До пятницы. Вечер пятницы – второе хорошее время. В пятницу вечером я пью пиво – столько, сколько влезет, и всё равно мало. Пью дома – один: так дешевле. Когда под пятницу дают аванс или зарплату, иду в бар. И потом плохо помню, как пришёл домой.

Суббота – потерянный день для всего. Похмельный ад. Дно ада. А воскресенье хуже четверга, это избитая истина.

Какой-то дядька, когда я ещё был сопляком, сказал мне:

– Вырастешь, пойдёшь работать и вскоре перестанешь любить воскресенье.

– Почему? – удивился я.

В это было трудно поверить. Воскресенье – лучший день недели. В воскресенье не надо ходить в школу. В воскресенье можно сколько угодно гулять, играть, веселиться. В воскресенье мультики по телевизору. Особенно вечером. Вечером святая святых – рисованный мир Уолта Диснея.

– Узнаешь, – загадочно ухмыльнулся тот дядька.

Я вырос, пошёл работать и узнал.

Потому что нельзя хорошо выпить. Завтра понедельник – и нужно быть идиотом, чтобы не предугадать последствия. А если в выходной нельзя хорошо выпить, то это не выходной, а просто время, свободное от работы.

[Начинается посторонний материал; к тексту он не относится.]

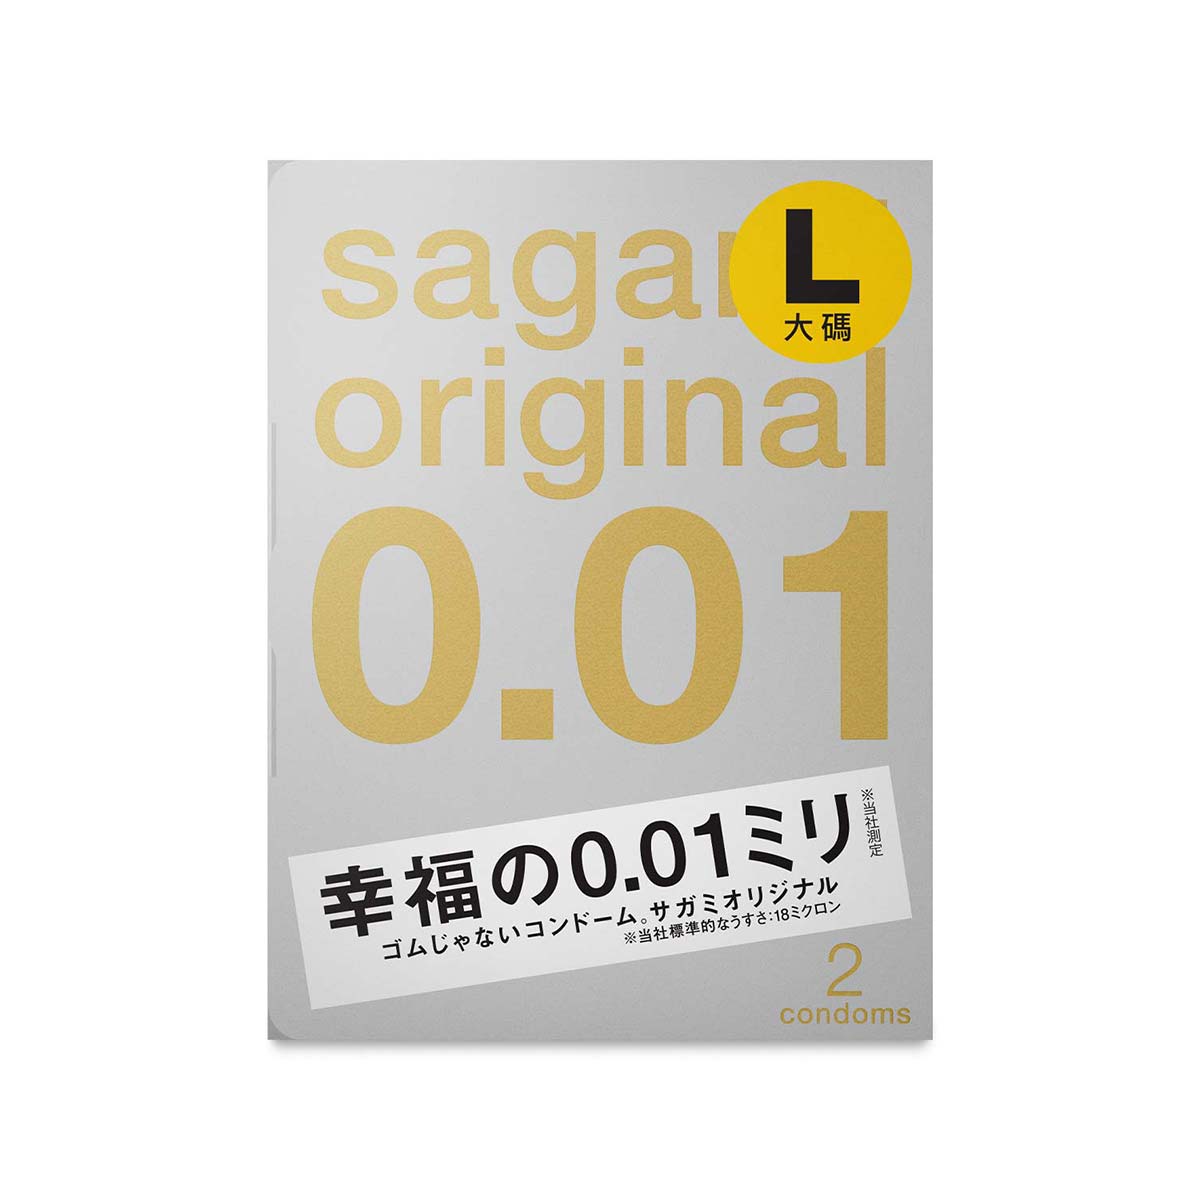 Sagami Original 0.01 L-size 2s

Так я и разлюбил воскресенье.

Короче, живёшь от пятницы до пятницы, неделя за неделей, до отпуска. Строишь большие планы на отпуск, которые рушатся, как только он приходит, потому что лень что-либо делать, потому что нет денег (без денег ничего и не сделаешь), потому что мало времени на всё, потому что всё одно и то же. Ждёшь лето – как будто летом должно произойти что-то необычное и великолепное. Но ничего не происходит. Летом всё тоже то же самое. И так год за годом. По кругу.

Когда заканчивается лето, змея под названием жизнь пожирает свой хвост. Это время моего болезненного прозрения, что я живу как болван. Ибо только болваны могут променять все свои мечты на такую вот «жизнь». Я не хочу жить как болван и потому, прозрев, страдаю от бессилия что-либо изменить.

Сентябрь для меня всё равно что понедельник. Начало круга. Ты понимаешь, что вот – тебе предстоит пройти всё заново. Понимаешь, что у тебя нет для этого ни желания, ни сил. Понимаешь, что у тебя ничего нет.

Никогда я так не ненавижу жизнь, как в сентябре.

В этом году сентябрь был холодным и дождливым – ни золотой осени, ни бабьего лета, сплошь хмурое небо и грязный асфальт. Душа ныла и маялась пуще прежнего, и я каждую пятницу заливал её пивом до отказа, но никак не мог залить.

В конце месяца дали аванс, и ноги сами собой притащили меня в бар – дешёвое, хотя и очень уютное заведение под названием «Дзен-кафе» – недалеко от моего дома. Там всегда мало людей, тихо играет медитативная этническая музыка, мелькают красивые картинки на плазменном экране, всё окутано густым и тёплым полумраком. Там мне всегда приятно напиваться.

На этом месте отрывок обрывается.